GPU Metrics: Beyond Utilization for Accurate Autoscaling
Why GPU Utilization Misleads
GPU utilization is the most misleading metric in autoscaling decisions. A GPU can report 90% SM utilization while delivering excellent throughput for batch workloads, or show 20% utilization while request latency violates SLOs because the bottleneck is elsewhere. Effective autoscaling requires combining multiple correlated signals to understand the true performance constraint.
Key GPU Hardware Metrics
SM occupancy shows what percentage of Streaming Multiprocessors are active. GPU memory usage shows gigabytes consumed out of total device memory. Memory bandwidth utilization shows percentage of theoretical peak bandwidth being used. A memory bound workload like LLM inference will show low SM utilization but high memory bandwidth and high latency. An I/O bound workload shows low utilization on both while PCIe or network transfers dominate. Production systems export these via NVIDIA DCGM to a time series store.
Application Level Signals
Queue depth shows how many requests are waiting for GPU processing. Request concurrency measures in flight operations per replica. Latency percentiles (p95, p99) directly capture user experience. For LLMs, tokens per second and time to first token are better throughput indicators than raw GPU utilization because they account for batching efficiency and memory access patterns.

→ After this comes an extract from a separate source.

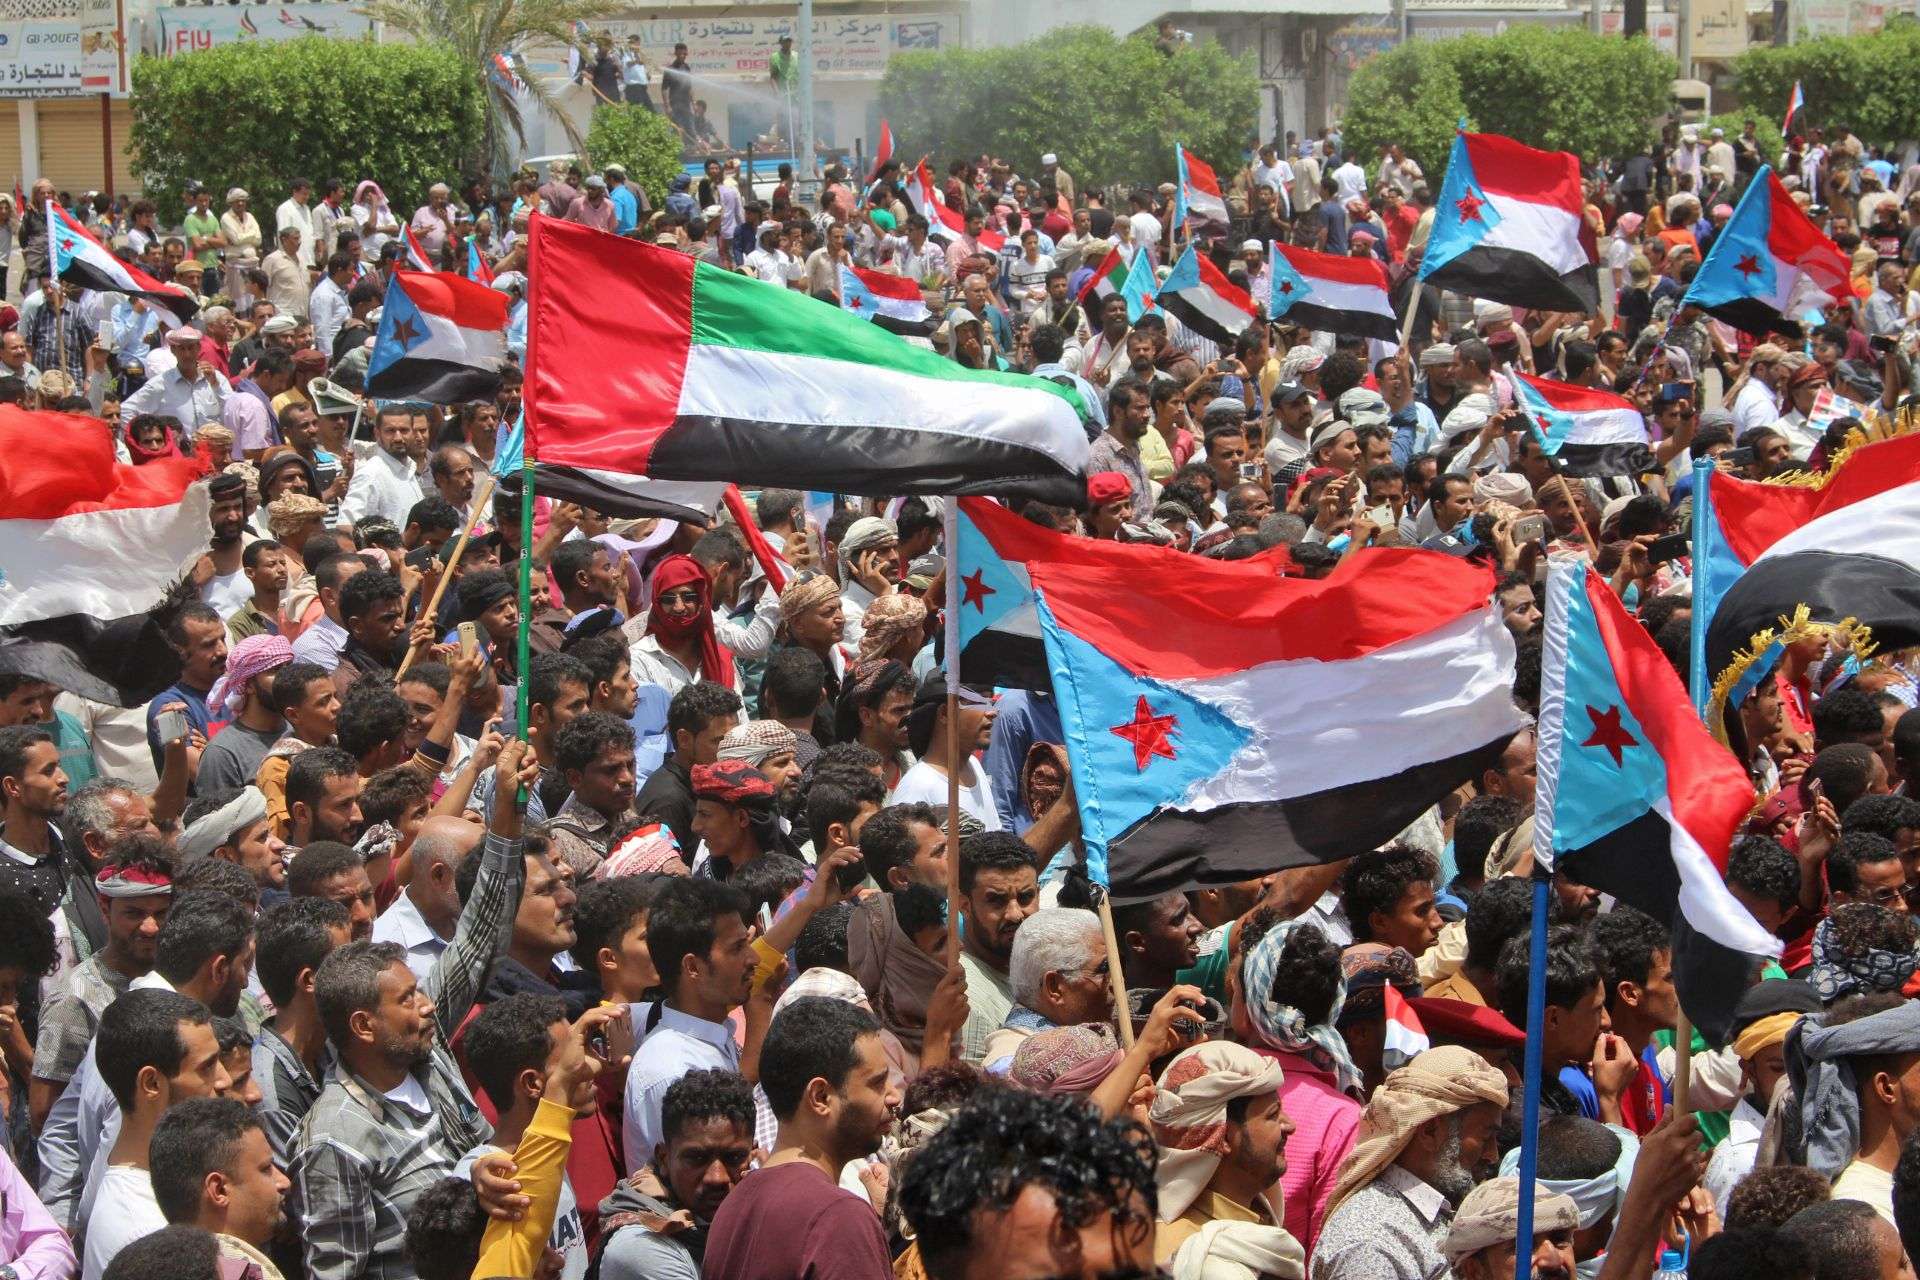 اليمنيون في الجنوب يرفعون اعلام الامارات والسعودية لدورهما في حفظ الاستقرار

Smoothed Windows and Hysteresis
The robust approach uses 3 minute rolling averages to prevent scaling decisions based on momentary spikes when a large batch arrives or completes. Combine this with hysteresis: scale up quickly when metrics exceed thresholds (like 70% utilization sustained for 2 minutes) but scale down conservatively (like dropping below 30% for 5 minutes). This asymmetry prevents oscillation while staying responsive to genuine load increases.